Prior to the approval of Redemplo and Olezarsen, the only treatment options for those with FCS were to follow a highly fat-restricted diet, exercise, and eliminate alcohol and simple carbohydrates, and those in the EU have been able to receive Volanesorsen since 2019. Even with the lifestyle changes, Ballantyne said, it is still difficult for those with FCS to lower their triglycerides.

“It was frustrating that there was a genetic disorder that we simply could not treat,” he said.

Ballantyne suggested that the lipid profile of anyone with pancreatitis should be checked, and that high triglycerides are a red flag for FCS. When triglycerides are over 880, patients have chylomicrons, large particles full of triglycerides from the diet, which doctors should recognize as a risk for pancreatitis.

In Julie’s case, after giving birth, she was hospitalized every month for two years due to her pancreatitis episodes. She was missing precious moments with her infant son and husband. Looking for answers, she underwent multiple surgeries over the next seven years, including a radical hysterectomy at 34 that would prevent her from having the large family she dreamed of. Still no diagnosis. No answers.

During a plasma exchange, a practitioner noticed chylomicrons in Julie’s blood. She went home, researched the terms, and found information about FCS, which she brought to her lipidologist. Three months later, she was finally diagnosed with FCS.

PALISADE trial: lower triglycerides and reduced risk of pancreatitis

The approval of Redemplo, announced on November 18, 2025, marks Arrowhead Pharmaceuticals’ first FDA-approved therapy. In January 2025, the FDA accepted Redemplo’s New Drug Application (NDA) based on results from its PALISADE phase 3 trial, and supportive data from its phase 2 SUMMIT program.

In the press release, Christopher Anzalone, Ph.D., President and CEO at Arrowhead Pharmaceuticals, said that “The FDA approval of REDEMPLO is a transformational milestone for Arrowhead. This is a proud moment for all those involved in the discovery and development process and represents new hope for the estimated 6,500 people in the U.S. living with genetic or clinical FCS. This approval, and subsequent launch, marks the beginning of a new chapter in our journey—one rooted in our unwavering commitment to delivering life-changing therapies to patients with serious diseases.”

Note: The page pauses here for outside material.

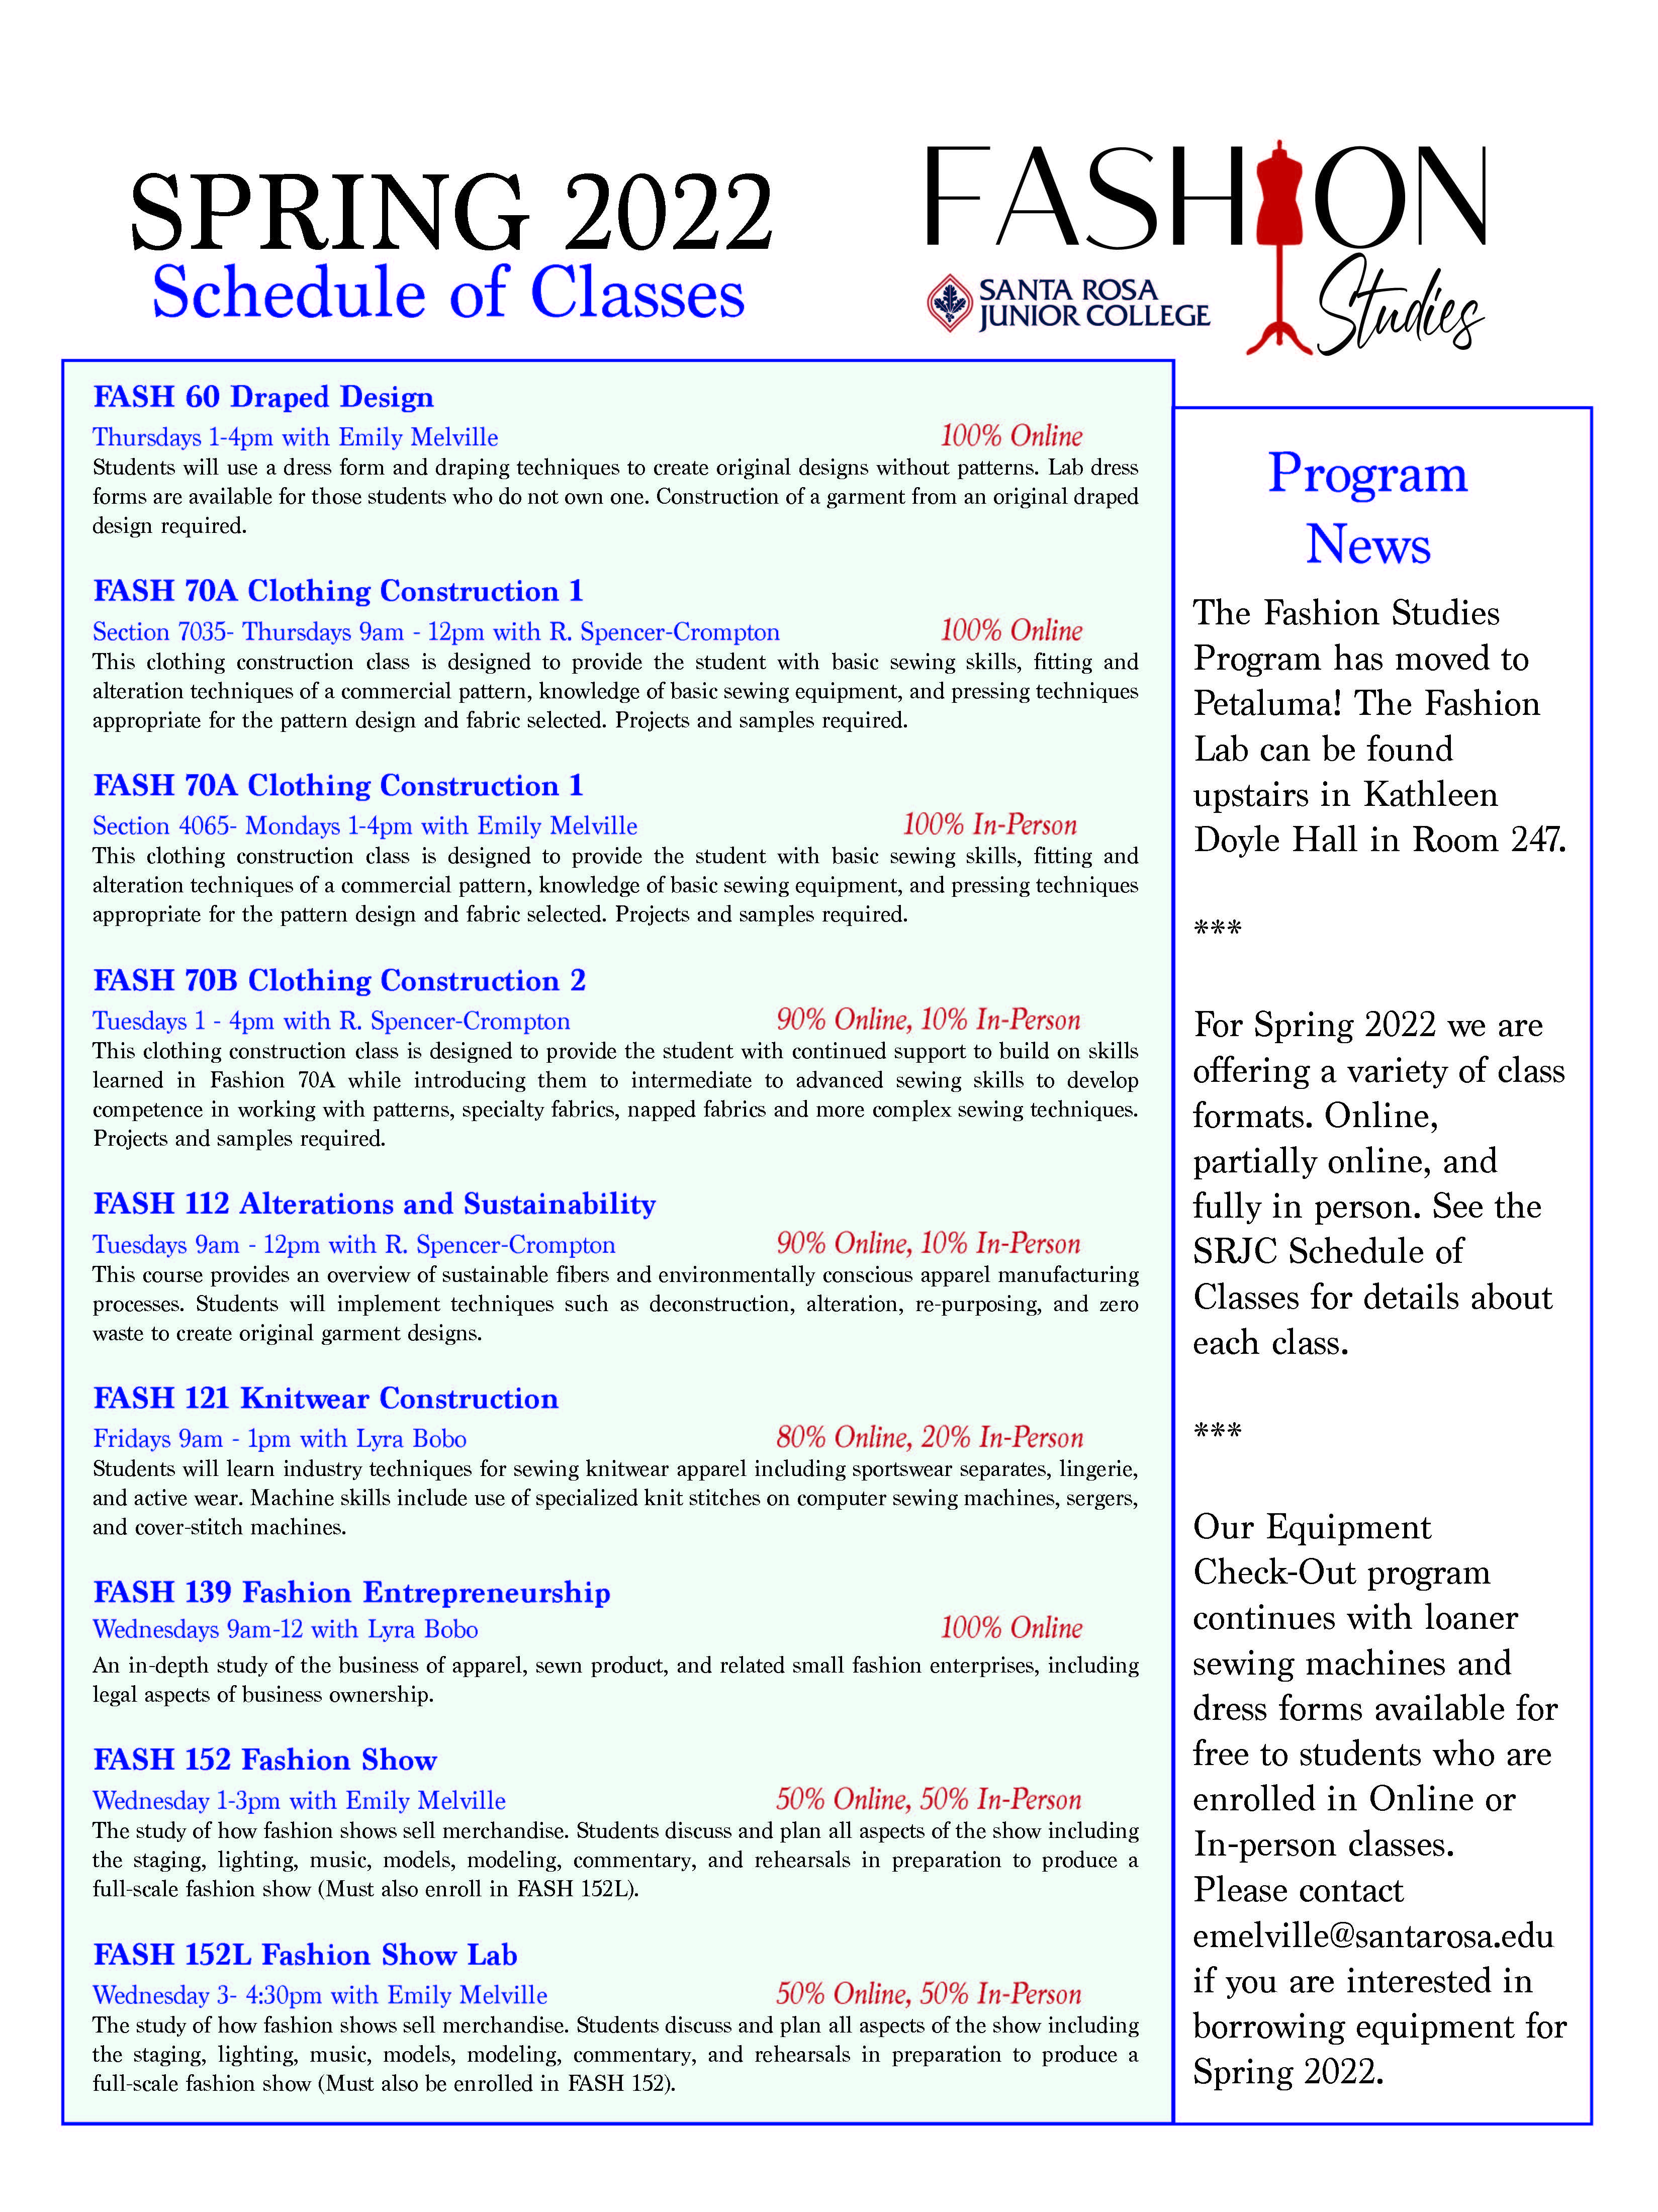 Srjc Calendar 2022 Schedule Of Classes - Spring 2022 | Fashion Studies

Redemplo is a small interfering ribonucleic acid (siRNA) conjugated with N-acetylgalactosamine (GalNAc) for targeted liver delivery. Redemplo is approved as an adjunct to diet and is administered as a subcutaneous injection once every three months, which can be done at home.

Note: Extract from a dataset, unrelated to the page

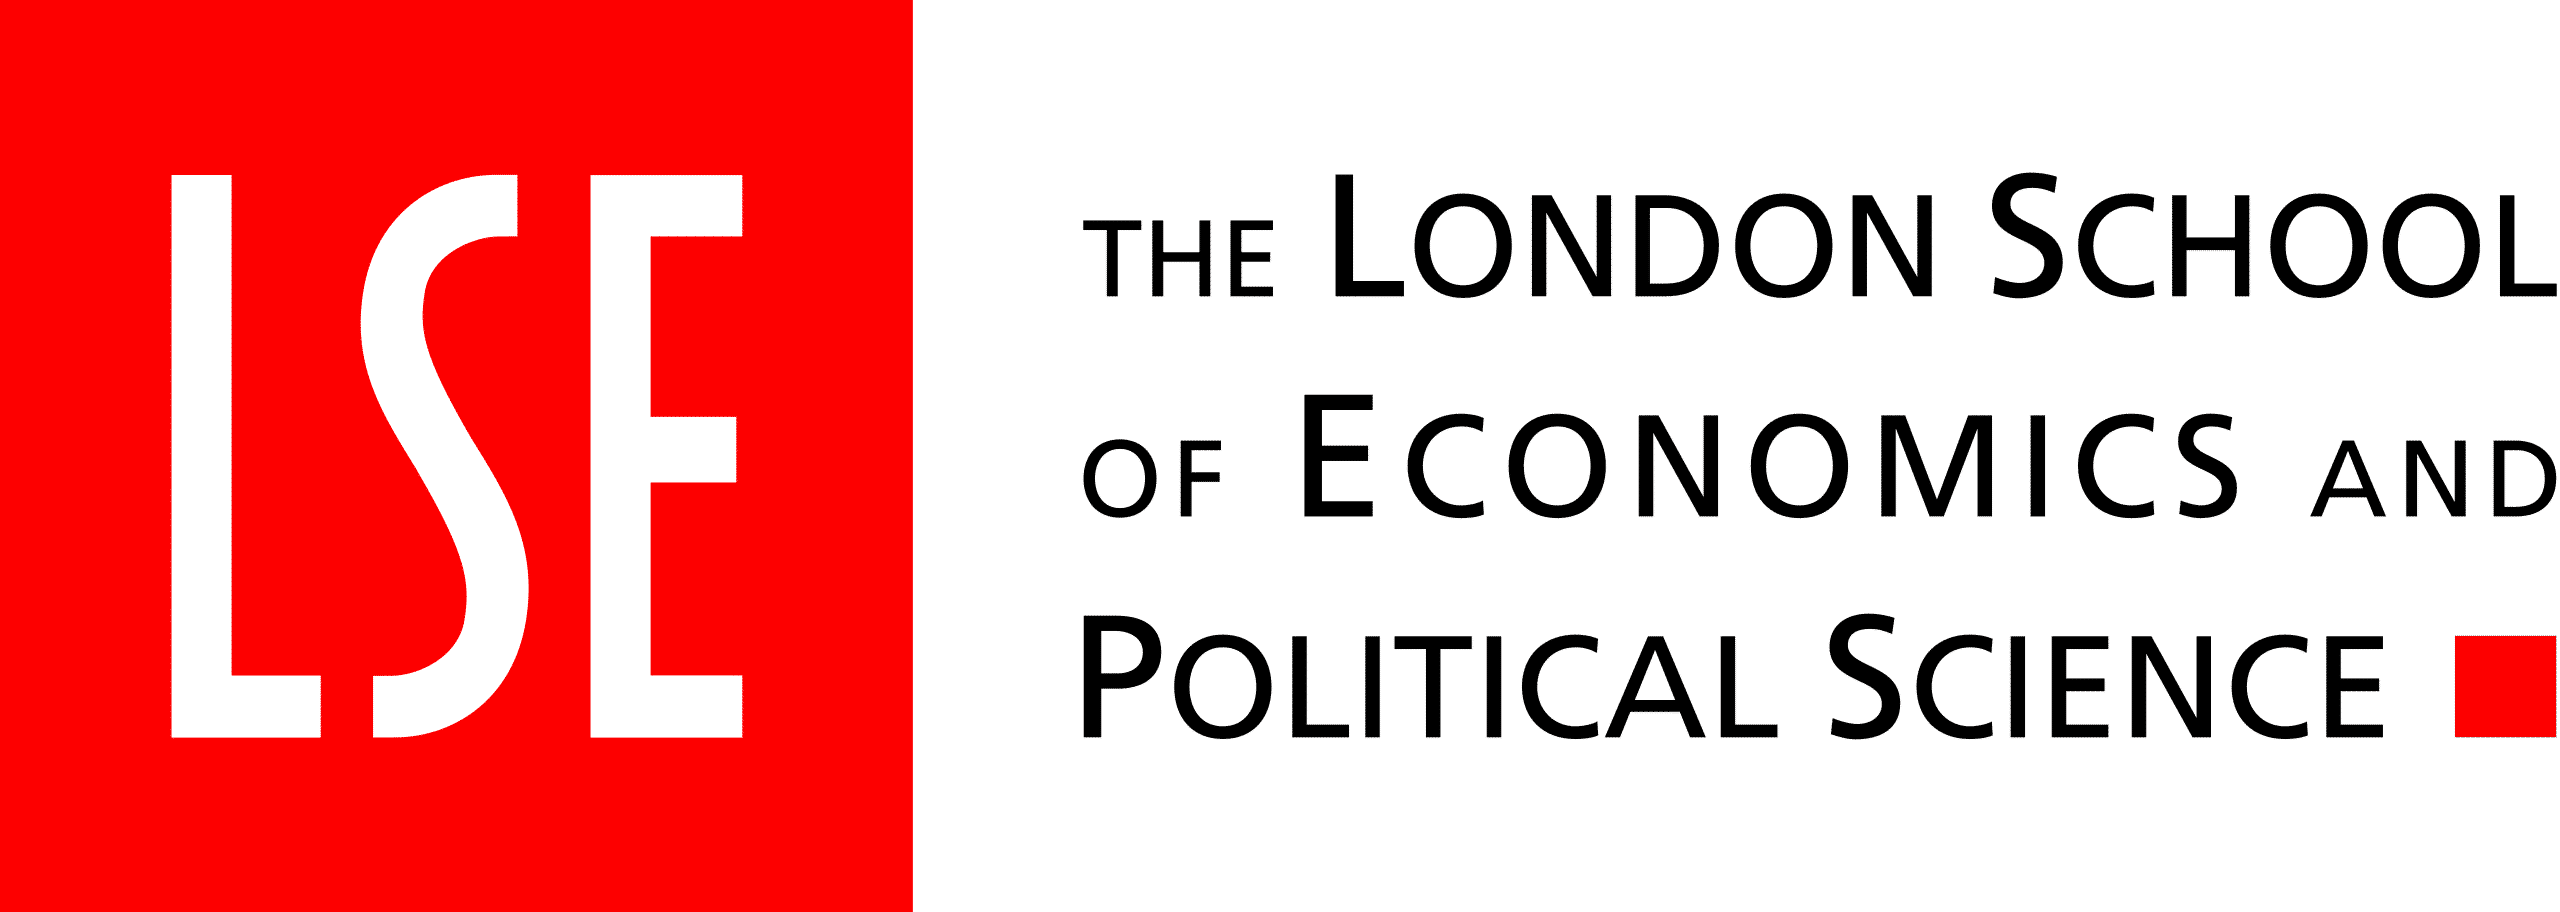 London_school_of_economics_logo

It acts by suppressing the production of a specific protein called apolipoprotein C-III (APOC3), a significant component of triglyceride-rich lipoproteins (TRLs) that also regulates triglyceride metabolism. As triglyceride blood levels rise, APOC3 prevents the breakdown of TRLs by lipoprotein lipase and the uptake of TRL remnants by hepatic receptors in the liver (1). By reducing APOC3 levels, TRL clearance increases, resulting in lower blood triglyceride concentrations.

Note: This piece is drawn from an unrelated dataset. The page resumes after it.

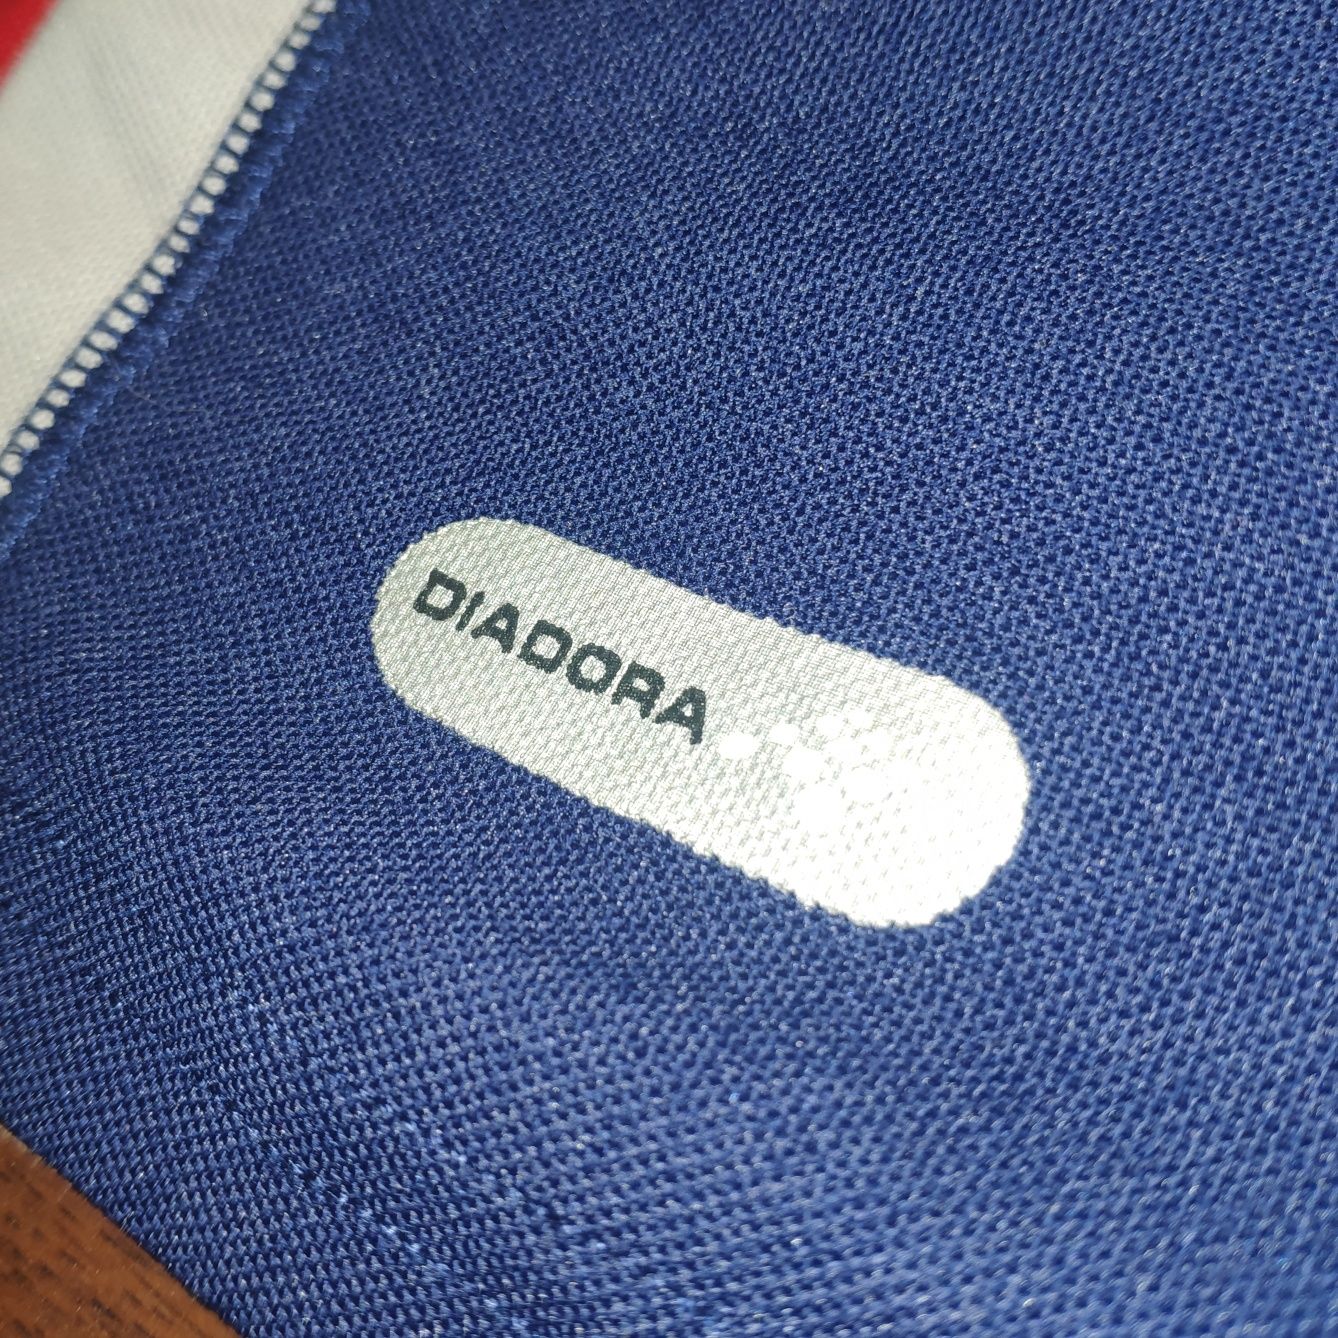 Футболка Diadora - Watford FC, XL

Participants in the PALISADE trial included patients who had a fasting triglyceride level of ≥880 mg/dL and a diagnosis of FCS who were willing to follow dietary counselling and local standard of care. A total of 75 participants from 18 countries were enrolled in the trial and randomly assigned to receive 25 mg or 50 mg of plozasiran, or a matching placebo, all administered once every three months for 12 months (1). The primary endpoint was the median percent change from baseline in fasting triglycerides at month 10. Secondary endpoints included incidence of acute pancreatitis, the percent change from baseline to mean values of fasting triglycerides at months 10 and 12, as well as percent changes in apoC-III and non-HDL-C at months 10 and 12 (2).

Results showed that at 10 months patients receiving the 25 mg dose had a median change in the fasting triglyceride level as compared with placebo of -59 percentage points, while the 50-mg plozasiran group had a change of -53 percentage points. Additionally, the pooled 25 mg and 50 mg group had an 83% lower risk of acute pancreatitis compared with the placebo group. These triglyceride drops were seen as early as one month and persisted throughout the 12 months. A favorable tolerability profile was observed throughout the trial, and the most common adverse reactions were hyperglycemia, headache, nausea, and injection site reaction.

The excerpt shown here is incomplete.